Таня слушала, не перебивая, давно уже положив вилку на стол. Есть больше не хотелось, столовая уже не казалась ей такой приветливой и уютной. Из кухни показалась Матильда. Подойдя к столу, она осведомилась по-английски, всем ли довольны гости? Ольга дружески махнула ей рукой:
– Мы закончили, спасибо! Сделай нам кофе!
– Я испекла пирог с лимоном. – Хозяйка гостиницы обращалась только к Тане, пытаясь поймать ее взгляд. Она явно встревожилась, отметив изменившееся выражение ее лица. Та попыталась улыбнуться в ответ, но не смогла – у нее в голове все еще звучали слова Ольги. «Убийца ничего этого не знал». – Это семейный рецепт, надеюсь, вам понравится. Принести еще чего-нибудь?
Таня наконец встряхнулась и нашла в себе силы поблагодарить Матильду, которая смотрела на нее уже с настоящей тревогой. Хозяйка удалилась, а девушка повернулась к переводчице:
– Вы сказали, это было убийство. Как он умер?
– Мне вообще-то не полагается с вами это обсуждать, – смутилась та, – но, в конце концов, я в полиции не служу и подписки не давала… Два выстрела из пистолета – в грудь и в голову. Настоящий бандитизм!

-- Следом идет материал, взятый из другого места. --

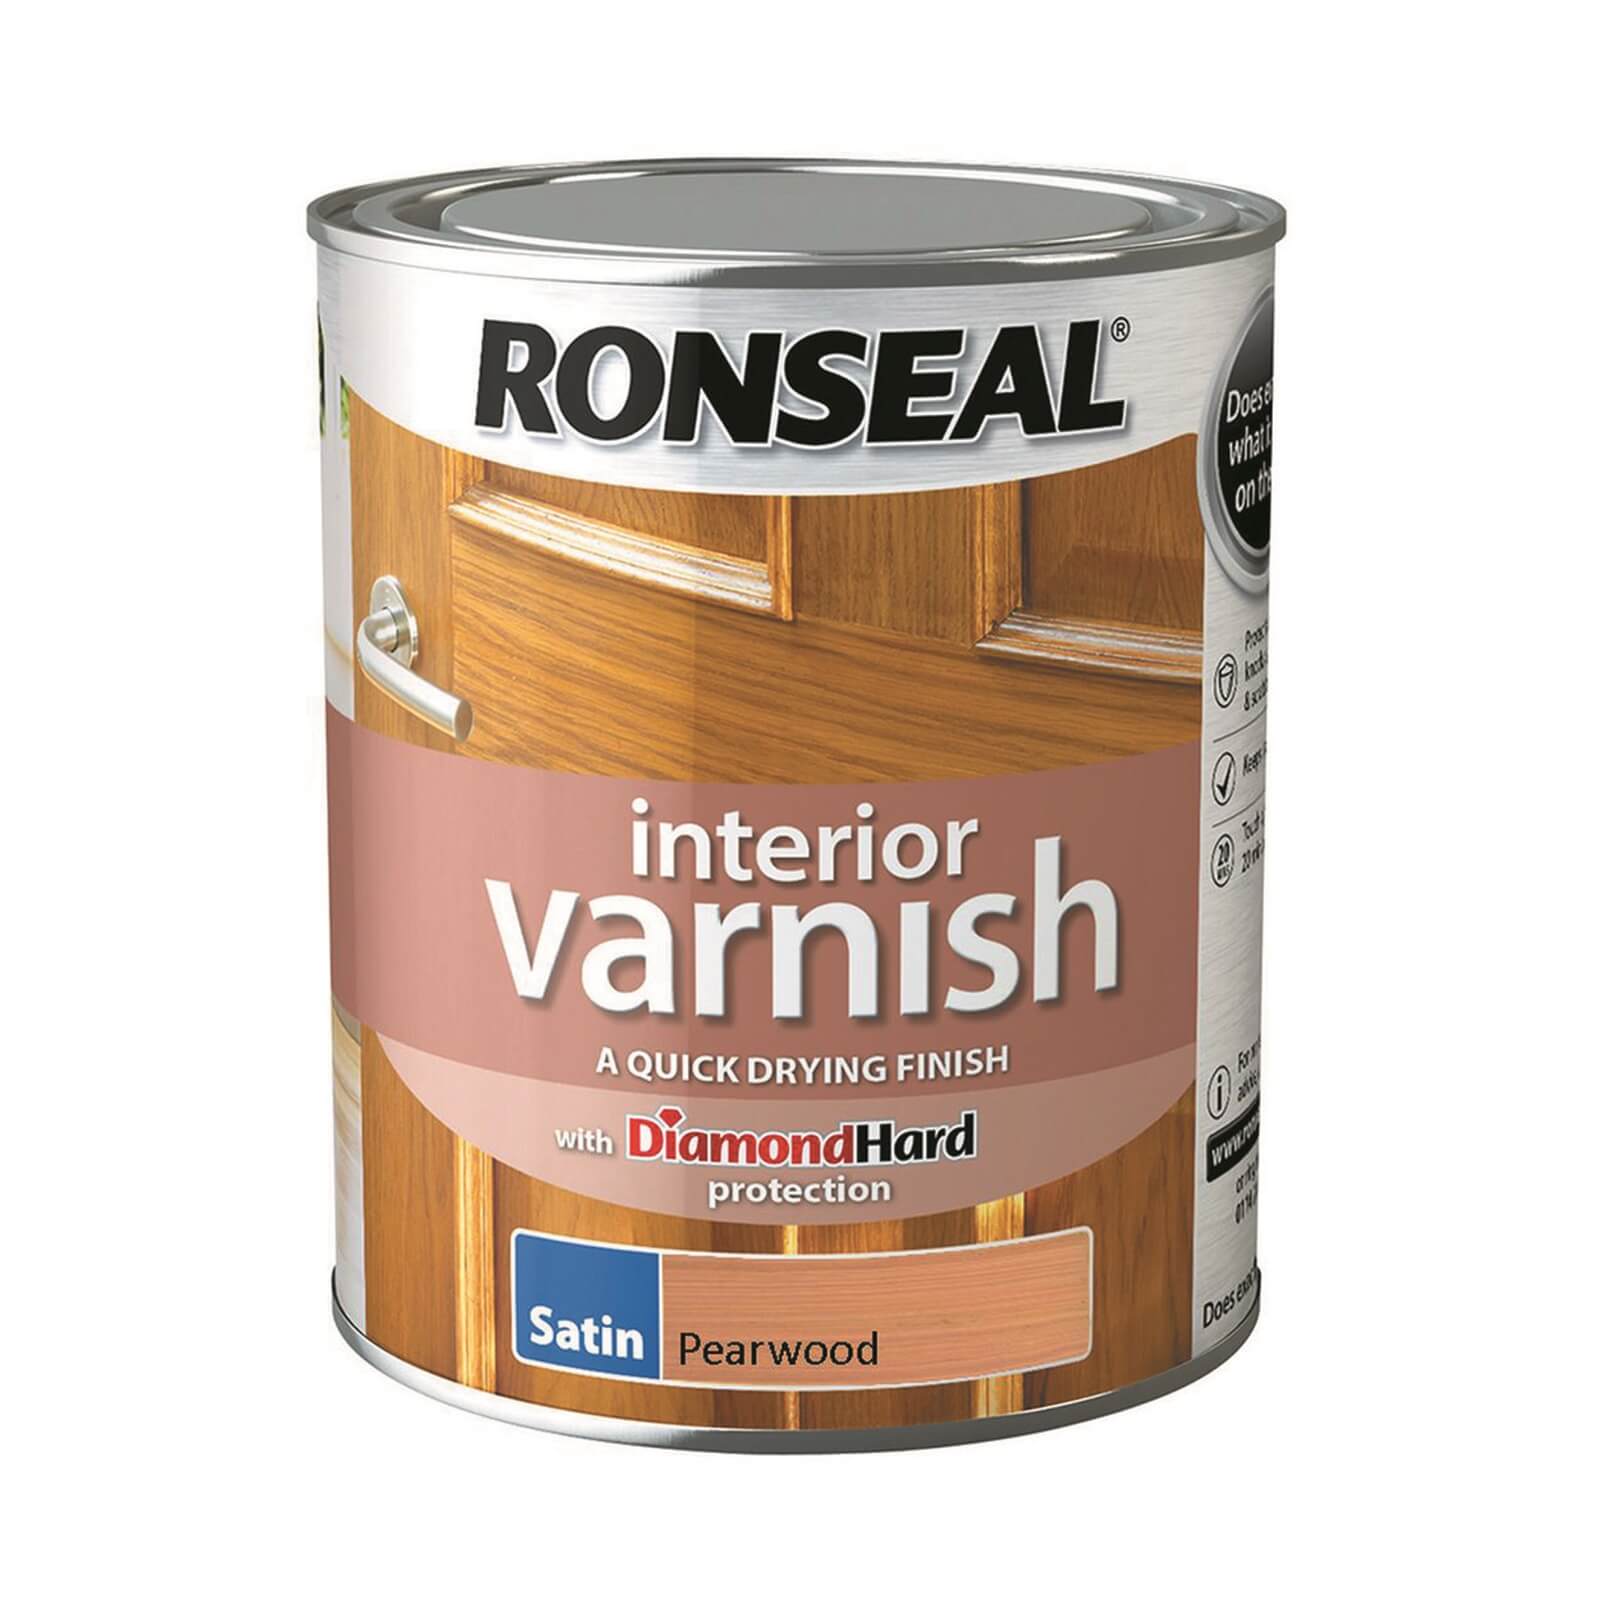 Photo of Ronseal Interior Varnish Satin Pearwood - 750ml

И сочувственно вздохнула, явно ожидая Таниной реакции. Однако та восприняла эту новость без видимых эмоций – они отчего-то не зашкалили, как будто она рассчитывала услышать нечто подобное. Таня сама удивлялась своему спокойствию и теперь могла сказать, что приняла верное решение, когда уехала в Грецию одна. «Если бы я взяла с собой Пашину маму… А если Наташку – страшно представить, что она могла бы тут устроить! Она бы билась в истерике, как тогда, в первые дни после того, как он перестал звонить! Мы все думали, что кончится больницей, ее даже парень бросил, испугался, что связался с психопаткой! Только клин клином и вышибло – тогда она принялась страдать из-за парня, и понемногу все сошло на нет. Что ж, я сделаю для Пашки последнее, что могу сделать. Опознаю его и позабочусь, чтобы тело перевезли в Москву. Мне почему-то совсем не страшно, только как-то тяжело и не по себе, будто я взвалила на себя чужое дело… Но ведь даже Иван сказал – поезжай, а он-то первый мог возмутиться. Против была только мама. Ей все кажется, что я маленькая и со мной может что-то случиться. Надо позвонить ей и сказать, что я живу в таком городке, где даже нет полиции. Интересно, это ее успокоит?»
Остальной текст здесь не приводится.